As part of Bionical Emas’ ‘4 things to think about’ series, we outline how Emas can help clients with the writing and filing of PIP applications within the EU.
Paediatric development is a crucial part of all product development plans, with both US and EU Agencies focused on encouraging paediatric studies in parallel to development in adults In the EU, an applicant is unable to submit a new licensing application, add a new indication, pharmaceutical form or route of administration for an already approved medicine, without agreeing a paediatric plan or waiver with the European Medicines Agency (EMA) or an EU national regulatory authority.
Applicants are encouraged to engage with the EMA and the Paediatric Committee (PDCO) at an early stage; scientific advice is offered at no charge for questions relating to paediatric development. To facilitate successful validation and assessment, there is also the possibility of having the draft Paediatric Investigation Plan (PIP) reviewed by the PDCO as part of a pre-submission meeting. PIPs must be submitted no later than the end of healthy subject or patient pharmacokinetic studies, or the initiation of the adult phase-II studies, although many applicants do not meet this deadline. At Emas, we have experience in developing PIPs in a wide range of conditions. We support paediatric protocol development, drawing on our network of Key Opinion Leaders (KOLs), and work with both the EMA and national regulatory authorities to design paediatric development programs which are both compliant and feasible. Our strategy for waivers and deferrals is designed to keep paediatric studies off the critical submission path for first product approval in the EU.
Identifying the Condition
Properly defining the paediatric condition is critical. In defining the condition, reference is made to the proposed indication in adults and/or the authorised (existing) indication, as well as the properties of the medicinal product, unmet paediatric need and a hierarchical classification of diseases / conditions (e.g. MedDRA).
Class Waivers, Product Specific Waivers or Paediatric Studies
The need for a paediatric development plan may be waived for some classes of medicines. According to article 11(1) of the Paediatric Regulation (No 1901/2006), a paediatric plan may be waived for classes of medicines if there is evidence showing that: (a) the class of medicinal product is likely to be in-effective or unsafe in children, or: (b) the disease or condition only affects the adult population. The list of class waivers is published on the EMA website.
Where a class waiver does not apply, an applicant may be able to argue that a product-specific waiver is appropriate. The article 11(1)(a) and (b) grounds for waiver (see ‘Class waivers’) also apply here. A further ground for waiver also applies, i.e. that the product does not represent a significant benefit over existing treatments for paediatric patients (Article 11(1)(c) of the Paediatric Regulation).
NOTE: The grounds for granting a waiver laid down in Article 11(1) are not exhaustive. An additional implicit reason for granting, or not granting, a waiver can be derived from Article 6(2) of the Paediatric Regulation; this relates to whether or not any proposed studies can be expected to be of significant therapeutic benefit to the paediatric population and/or expected to fulfil a therapeutic need of the paediatric population. It may be possible for an applicant to argue that it is impossible (because, for example, the patient population is too small) to design studies in relation to a medicinal product which create the necessary therapeutic benefits in terms of quality, safety, and efficacy.
If an applicant is unable to argue that a class or product-specific waiver applies, then the only remaining course is to agree to paediatric studies, however, these can be deferred and arguments presented in support.

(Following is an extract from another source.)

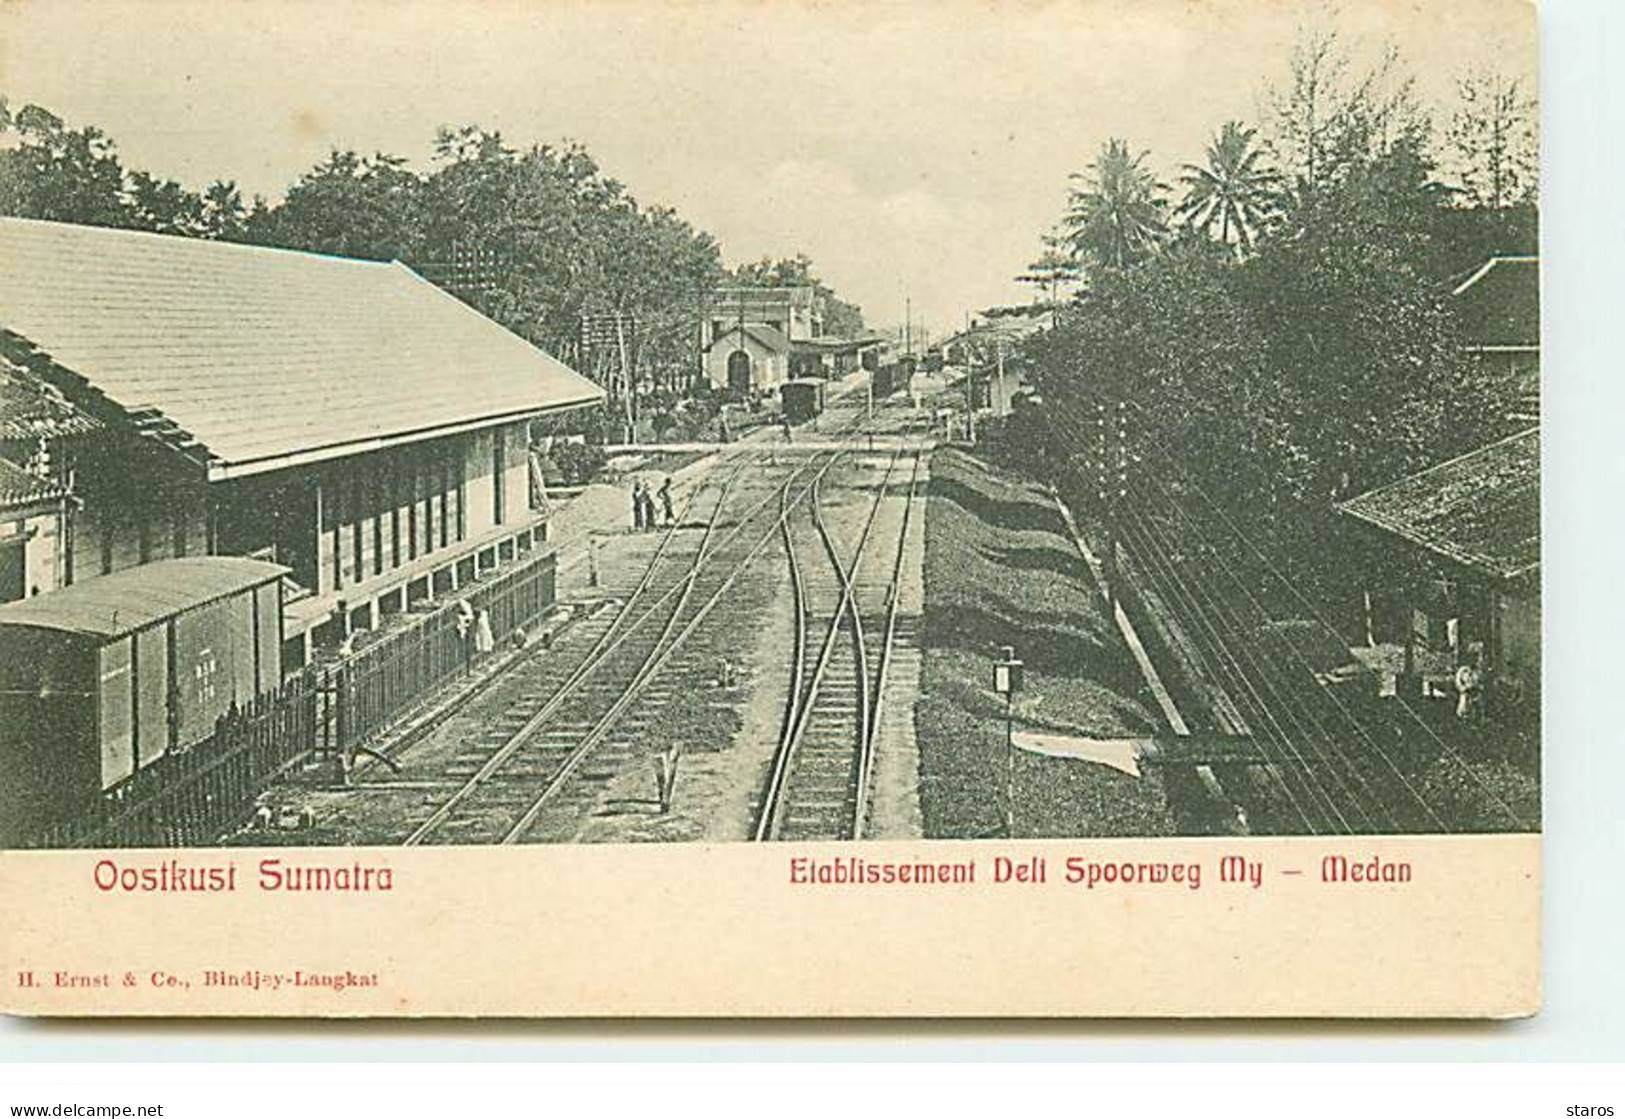 Indonésie - Oostkust Sumatra - Etablissement Deli Spoorweg My - Medan - Bahnhof - Gare - Indonésie

NOTE: A product-specific waiver may still apply to some paediatric subsets.
Benefits / Rewards
The Paediatric Regulation sets up a system of rewards and incentives once a product is authorised for use in paediatric patients. Benefits include: a six-month extension to the supplementary protection certificate (SPC) – in effect, a six-month patent extension on the active moiety an extension of the ten-year period of orphan market exclusivity to twelve years the Paediatric Use Marketing Authorisation (PUMA) offers eight years of data and ten years of market exclusivity to any new off-patent product developed exclusively for use in the paediatric population and can be requested for medicines that are: already authorised; no longer covered by an SPC or patent that qualifies as an SPC; to be exclusively developed for use in children.
How can Emas help?
Emas, our regulatory team have extensive experience writing and filing PIP applications within the EU on behalf of our clients. We can write all sections of the application, adapt existing sponsor documents, add our independent research where needed, and provide the required regulatory formats. We will thoroughly evaluate and examine all relevant documents, including product information, scientific articles, public-domain information, disease prevalence data, etc. in order to identify the condition, and advise on whether a waiver or paediatric study (with or without a deferral) is most appropriate. We manage the entire process from beginning to end, leading to successful outcomes in nearly all cases. Key to our success is our ability to quickly understand which pathway works best for your product based on an excellent understanding of national and regional pharmaceutical law and guidelines, coupled with an ability to advance compelling scientific and clinical arguments.